Once a person is closer to the camera the tracking gets handed off to OpenCV’s Yunet, a highly efficient face detection network capable of running at 10fps on even a Raspberry Pi 4. The same bounding box area method is used here to return only the closest person, or the one with the biggest head.
def find_faces(frame, model, previous_coords, previous_detection_time):
person_x, person_y, bbox_w, bbox_h = previous_coords
detection_time = previous_detection_time
try:
faces = model.infer(frame)
except:
faces = []
# If more than one face is found, focus on the largest (closest) one
if len(faces) != 0:
detection_time = time.time()
if len(faces) > 1:
face_index = find_largest_rectangle(faces)
faces = [faces[face_index]]
person_x, person_y, bbox_w, bbox_h = faces[0][0:4].astype(np.int32)
cv2.rectangle(
frame,
(person_x, person_y),
(person_x + bbox_w, person_y + bbox_h),
(0, 0, 255),
2,
)
return frame, person_x, person_y, bbox_w, bbox_h, detection_time
Also in the vision pipeline are options to save every frame that gets recorded or the more fun option of only recording when it finds a person or face. The end result of the second option is a supercut of people walking up to the decoration looking confused or creeped out.
Motion Control
The information generated by the vision pipeline is sent off to the Arduino control routine, which handles the requisite calculations for the eyeball and eyelids themselves, like mapping image coordinates to servo coordinates. When testing the range of the servos and eyeball I wrote a little servo tool that uses Firmata to issue commands to the servos so I could figure out their min/max ranges.
$ python3 servo_tool.py
Found Arduino at /dev/ttyUSB0
Commands are issued as: <pin> <servo_position>
Pin options are: x - eye x axis
y - eye y axis
b - bottom eyelid
t - top eyelid
Example: x 125
Moves the X-axis servo to 125 degrees
Type exit as a command or hit CTRL+C to quit
----------------------------------------------
Command: x 95
Command: exit
Exiting
These values are stored in a config file written in YAML which is parsed and handed off to a function that does the image too servo coordinate mapping. Inputs to the servos are in the form of a duration in microseconds, so an integer value is required.
def map_to_range(value, x1, x2, y1, y2):
xRange = x2 - x1
yRange = y2 - y1
remapped_value = float(value - x1) / float(xRange)
return int(y1 + (remapped_value * yRange))
To make the eye a little more realistic I added a blink function and a “suspicious” mode to the motion control. A maximum blink time is included in the config and while the eye is open (only when it sees someone) it will wait a random time up to that max time and blink while it is watching them.
# Only blink if we're looking at someone
if time.time() - tStart > tBlink and top_eyelid_position != TOP_REST:
blink(top_eyelid_pin, top_eyelid_position)
tBlink = config["BLINK_MIN_TIME_SECONDS"] + random.randint(0, config["BLINK_MIN_TIME_SECONDS"])
tStart = time.time()
Similarly, the suspicious mode will randomly fire while the eye is open, squinting at whoever it is following.

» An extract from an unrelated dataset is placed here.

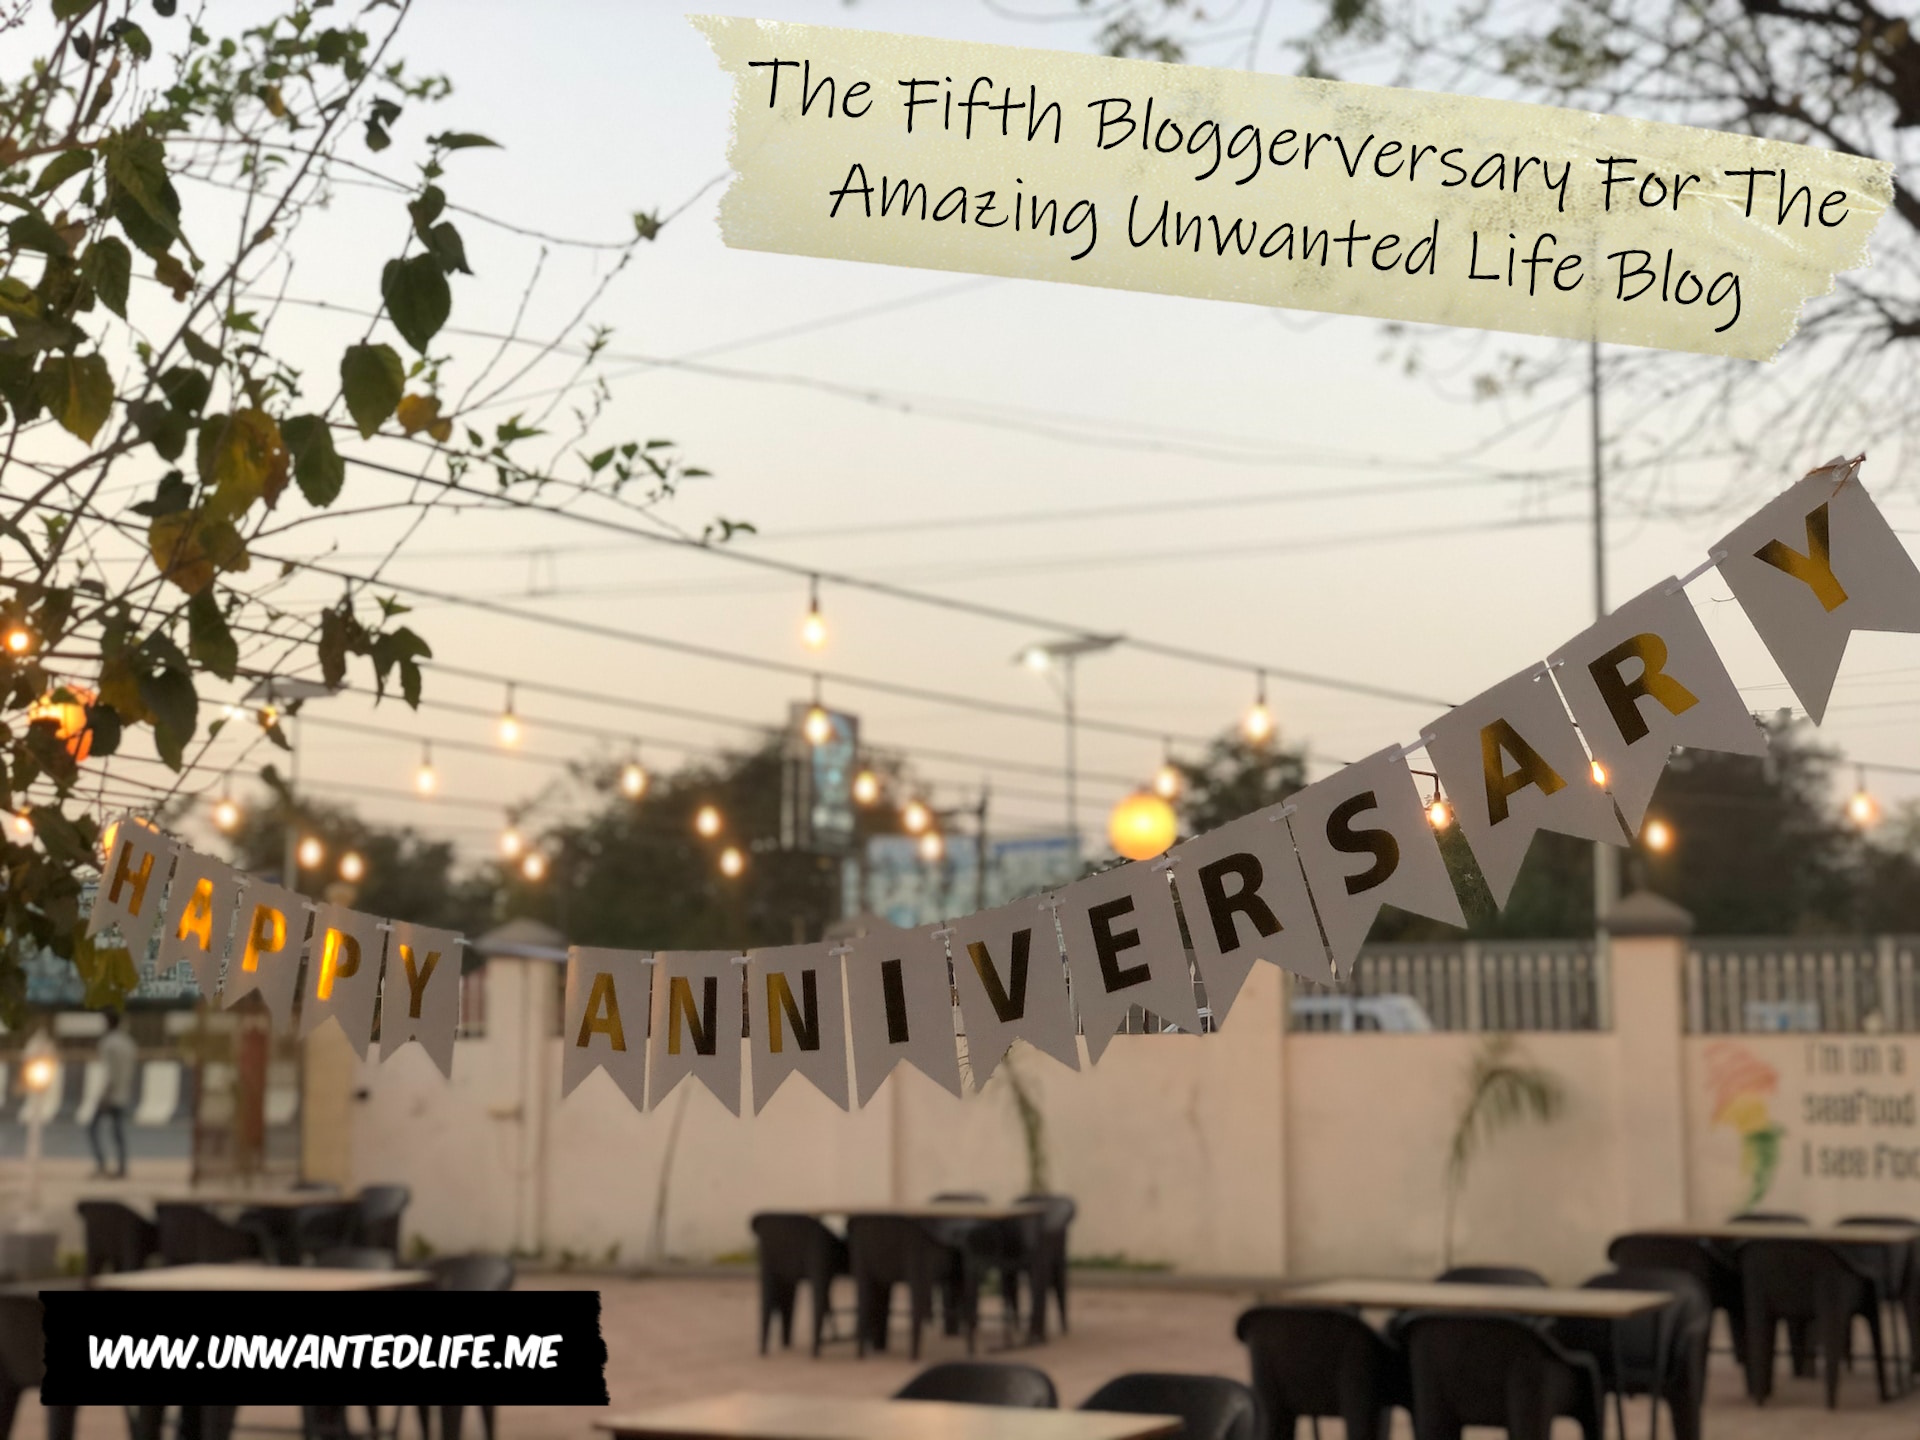 A photo of someone's garden patio set-up to celebrate someone's anniversary, to represent the topic of the article - The Fifth Bloggerversary For The Amazing Unwanted Life Blog

if time.time() - tSus > tSusTimer:
tSus = time.time()
tSusTimer = random.randint(0,config["SUSPICIOUS_TIME_SECONDS"])
suspicious = not suspicious
If the camera doesn’t see anyone for a few seconds, also a configurable value, then the eye closes.

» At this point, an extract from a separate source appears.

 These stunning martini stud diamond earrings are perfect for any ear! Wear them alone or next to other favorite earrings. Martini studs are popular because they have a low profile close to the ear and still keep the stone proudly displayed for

The net effect of all three behaviors results in a much more realistic movement, pushing it more toward the uncanny valley.
Notes on Testing
The whole system was originally designed for a Jetson Nano and ran reliably at 15fps using the old face detection pipeline. The Yunet pipeline is more efficient and will run much faster; it achieves 10fps on a Pi 4 and an Nvidia Orin CPU is capable of at least 30fps; I haven’t tested with a camera that can run any faster.